By this point in our travels around Myanmar, one would think that we would have planned on not trusting public transport. Taking the train from Yangon to Mandalay, the boat from Mandalay to Bagan and the chicken bus from Bagan to Inle Lake had all resulted in uncomfortably long journeys. Distances that could be covered in a couple of hours in other nations takes 3-4 times longer here. But, here we are, once again, relying on the good ole train to get us from Kyaiktiyo to Mawlaymine – a four hour ride…on paper. To be fair, our other option was another chicken bus that we would have had to sit on plastic chairs in the middle aisle for the entire ride shifting and moving everytime the bus picked up someone new or let someone off.
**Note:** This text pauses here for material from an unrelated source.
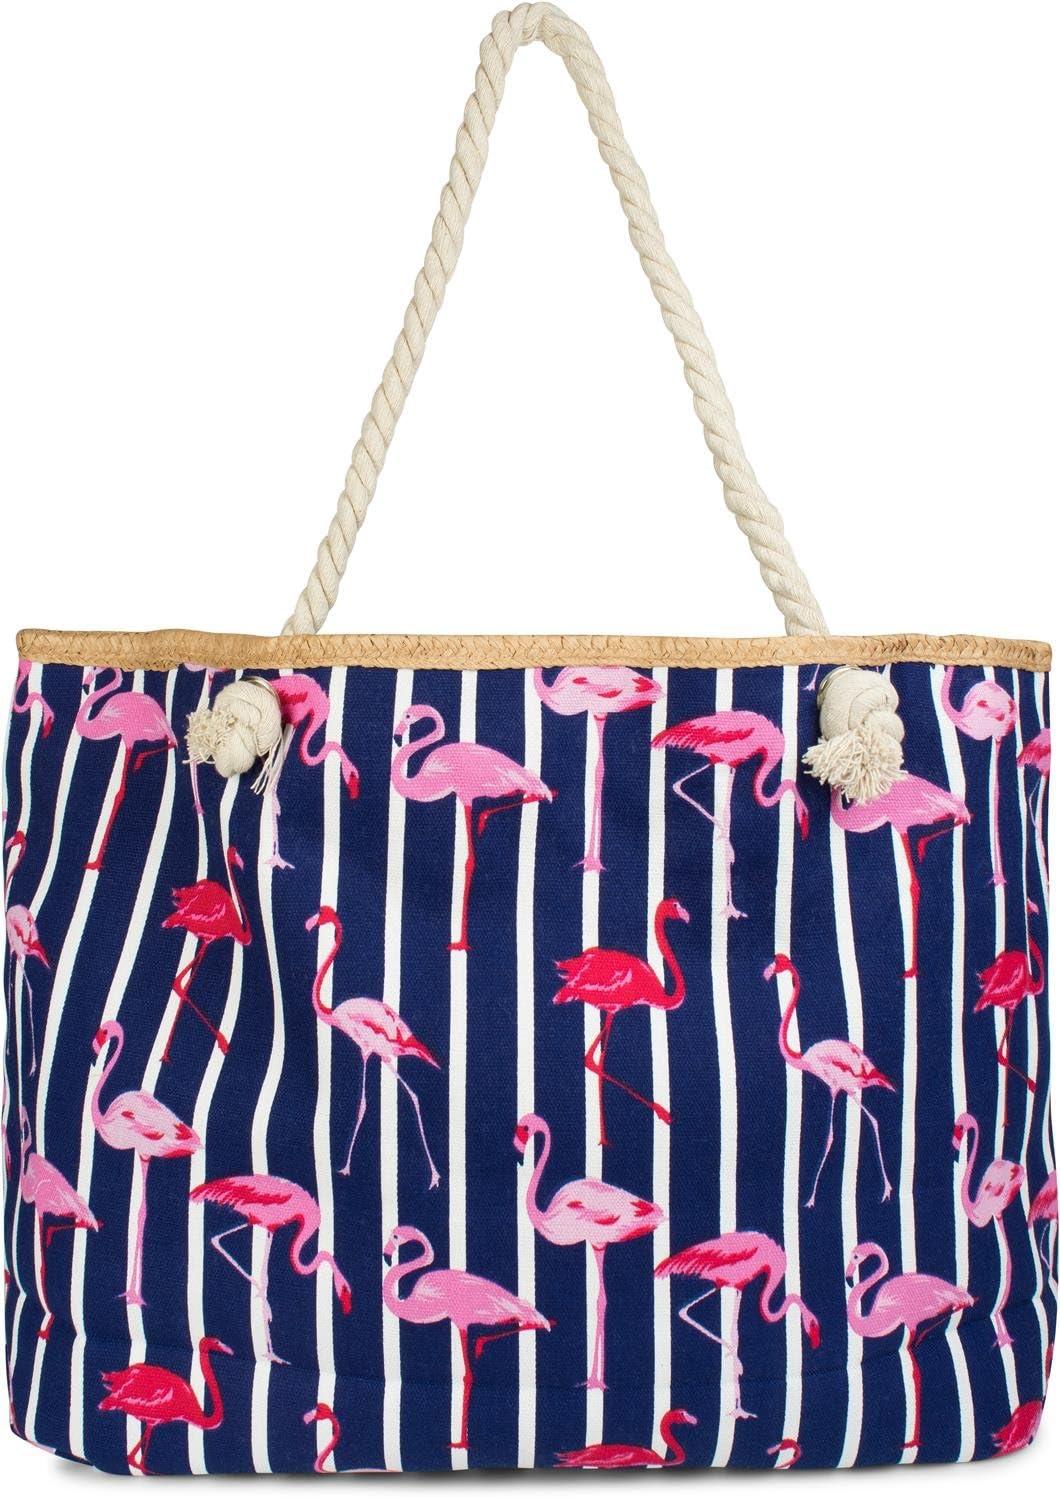 Color:Turquesa-Blanco Cremallera Bolso para Compras 02012287 Bolso de Hombro styleBREAKER Bolso para la Playa XXL de Mujer con Estampado de Rayas y Estampado frutal de sand/ías

The train appealed more in this case.
Only four hours, no problem – two ordinary tickets please ($2)! Unlike the ride though the north, the south was bustling with life and energy. Beautiful fields of rice burst to life, tiny villages line the train tracks and the kids all come out to watch and wave the train through.
We were starting to enjoy our ride and getting to know the Thai family we shared the bench with when the train broke down at around 5:30 – one hour away from Mawlaymine. Oh great, here we go again. The first vendor to arrive to the train’s aid was, of course, the betel nut purveyor. We can’t go too long without our juicy red nicotine fix now can we? Soon after, setting up right next to him was a lady selling simple food. At around 6:30 a truck shows up and people start to get pile on. Not knowing how much or where it was going, we hesitated until it was too late to get a space. Upon returning to the train, a man who appeared somewhat official told me that a train was coming and that we could get on it. Not more than 10 minutes later a train pulls up along side ours. People start to pile on including the military guys sharing our car. The Thai family & local Burmese woman stay put and encourage us to do the same. Believing the man, I convince Tracy to grab her bag and give it a try. As we jump down out of our train, and start to walk to the door, the train starts to pull away! Instinctively I start to run for the door, ready to try and jump on. I then look up and notice that it’s not an actual passenger train, but a cargo one. At the same time, Tracy hollers, “No, I’m not getting on that train.” Seeing the futility in actually running down a moving freight train while being burdened with backpacks, we turn around to head back to our original train defeated. The local woman sitting next to us met us and grabbed Tracy’s hand leading us back to the train and shaking her head as if saying, “see, we told you so.” Lesson learned…the local people in Burma will look after you, they have your best interest at heart.
With yet another Burmese sunset aboard public transport under our belt, visions of sleeping on the train start to set in. Somehow, someway, thank God, the men find a way to get the train moving again. After an hour of chugging down the tracks we look out to the left of the train and there sits the cargo train that we had tried to run for, presumably broken down as well. The train slows to a crawl and several people jump back on the train, including all the military guys. Others had set up a mini camp – complete with bonfire and music. After a polite ‘I told you so’ hit from the Thai mother, the train pulls away from the scene in short order leaving many behind.
Around 10:00 PM, 4 hours late, the train arrives into Mawlaymine. Perhaps one day we will learn that public transport is not all that great in Myanmar, but then again we have some good memories all the same!